In other words, there is a real danger of making ourselves into a maladaptive species. It’s not so much a genetic hazard, as a social and cultural one. Civilisations decline because they become maladaptive. They forget how they arose and what their strengths were, how they learned from mistakes. As a direct consequence they lose internal support and become vulnerable because they have forgotten the blood sweat and tears, the trial and errors and the consequences of those errors.

Today, particularly in the developed world, the less reflective among us seem to think we can devise a way of living without serious consequences.

It isn’t going to happen.

There will be consequences; we just don’t know what they are yet. The more we try to design them out for bunglers, the bigger they will eventually be for all of us.

How big? I don’t know – obviously. But we may well collapse socially, culturally and economically into some other social, cultural and economic state. History suggests it won’t be comfortable.

Has it begun? Well has it?

2 comments:

Sam Vega said...

Excellent post. This is one of the biggest questions about the intersection of nature and culture.

I am in two minds about it. One the one hand, I work in education and see evidence of kids who have never been allowed to get anything wrong, or to face the consequences of so doing. this is the flip-side of "entitlement culture", and it makes me truly fearful.

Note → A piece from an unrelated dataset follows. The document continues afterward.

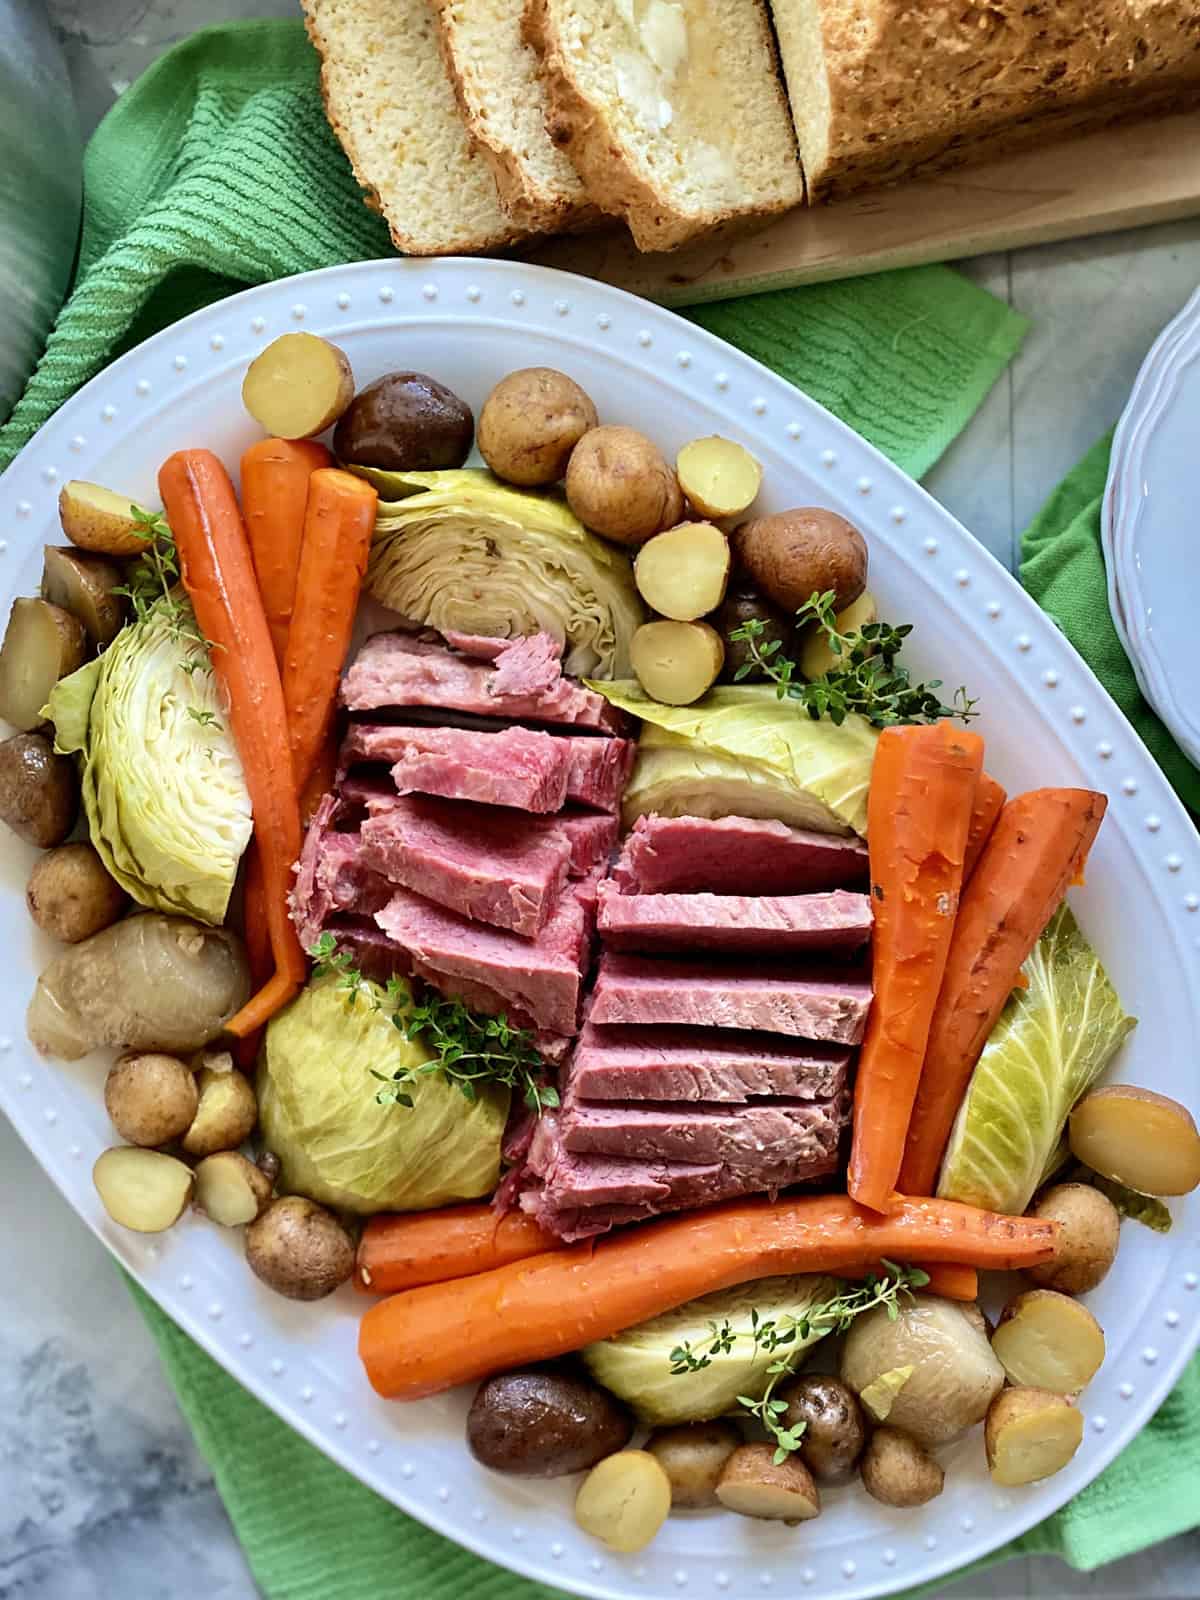 Top view of a white platter filled with beef, carrots, potatoes, and cabbage.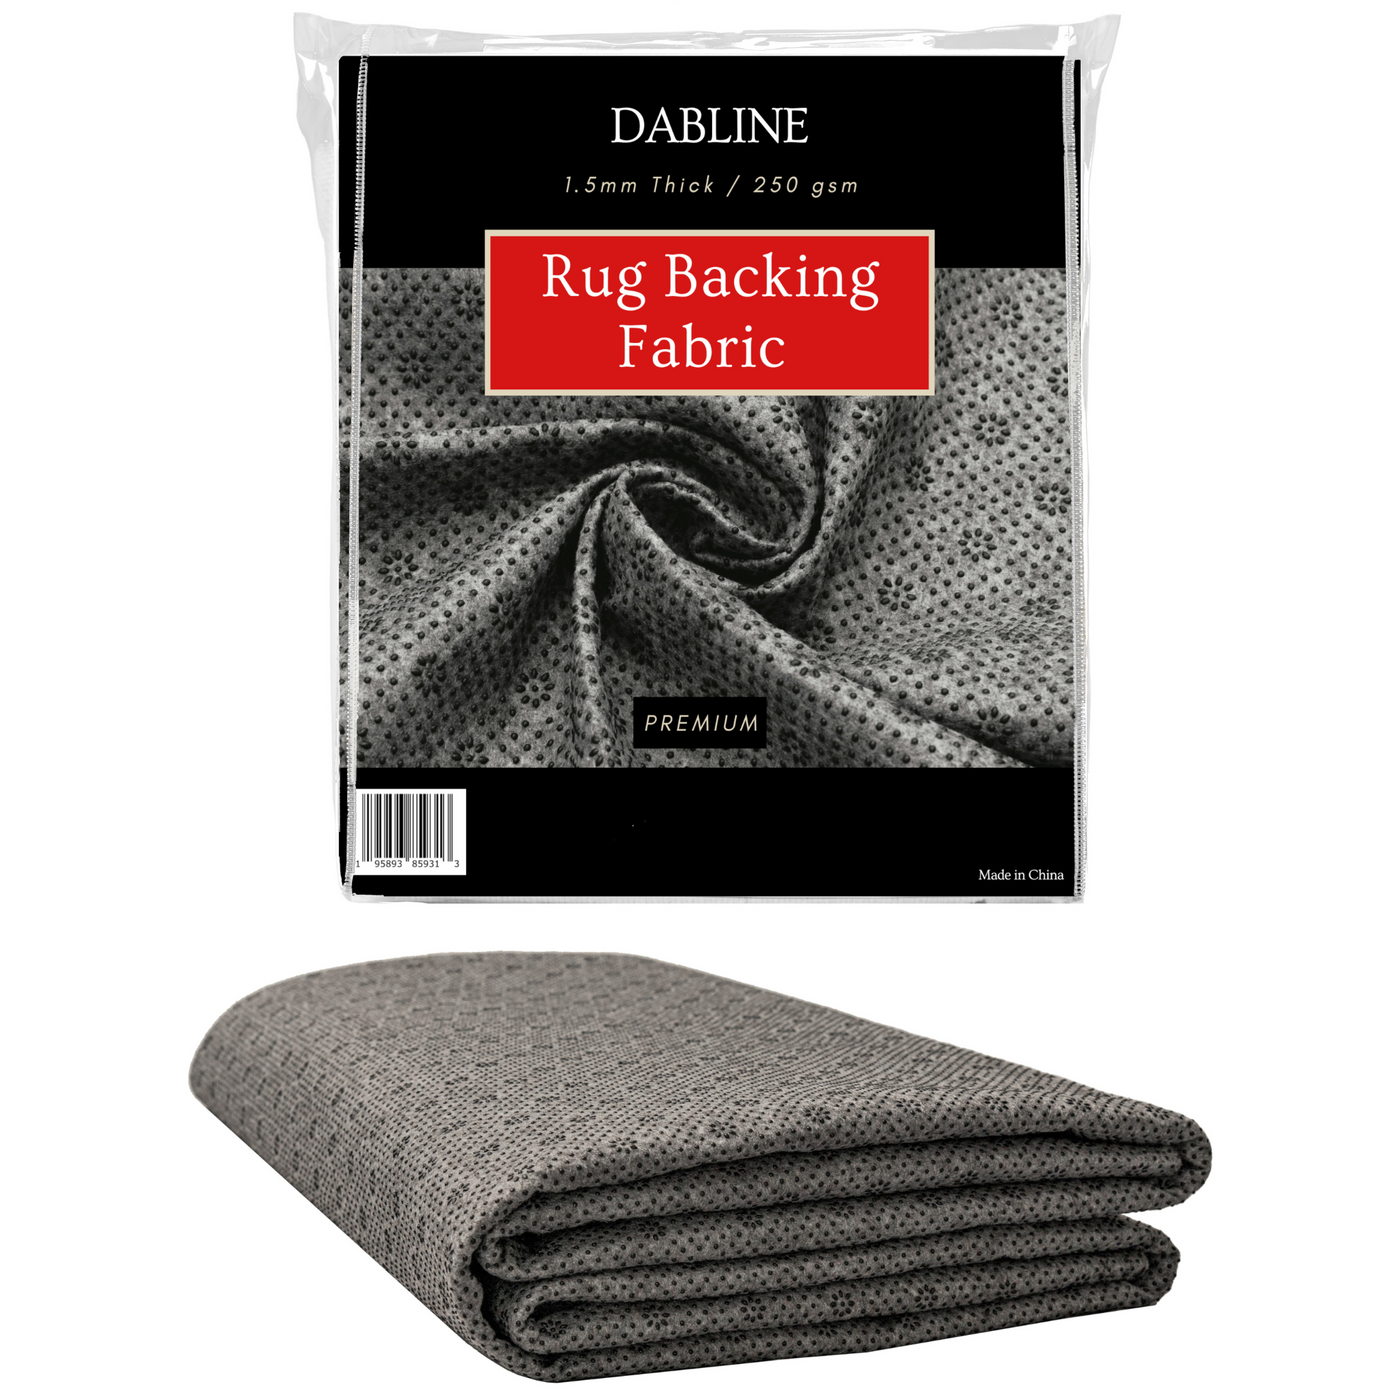 DABLINE 80 x 80 Primary Tufting Cloth for Rug Making and Punch

On the other hand, part of me is repelled by the possible consequences of allowing nature to take its course, so to speak, and the survival of the smartest that would result. It is probably a massive misinterpretation, but I have visions of aggressive intelligent exploiters running the show, and I might prefer the extinction of the species...

One possible solution (my fantasy, anyway) is to say that we are so complex, and our future is so unpredictable, that we cannot bank on the previously successful and battle-hardened continuing to be successful. Maybe the molly-coddled geeks and runts might develop a few skills that we need as a species, and our joint survival is dependent upon maintaining them as well, so far as we can. If we look after them, then a few might turn out for the good.

A K Haart said...

SV - I know what you mean, because we do need to nurture the geeks and the creative and we don't want a return to genuine and undeserved hardship.

Yet we need failure - it teaches crucial lessons.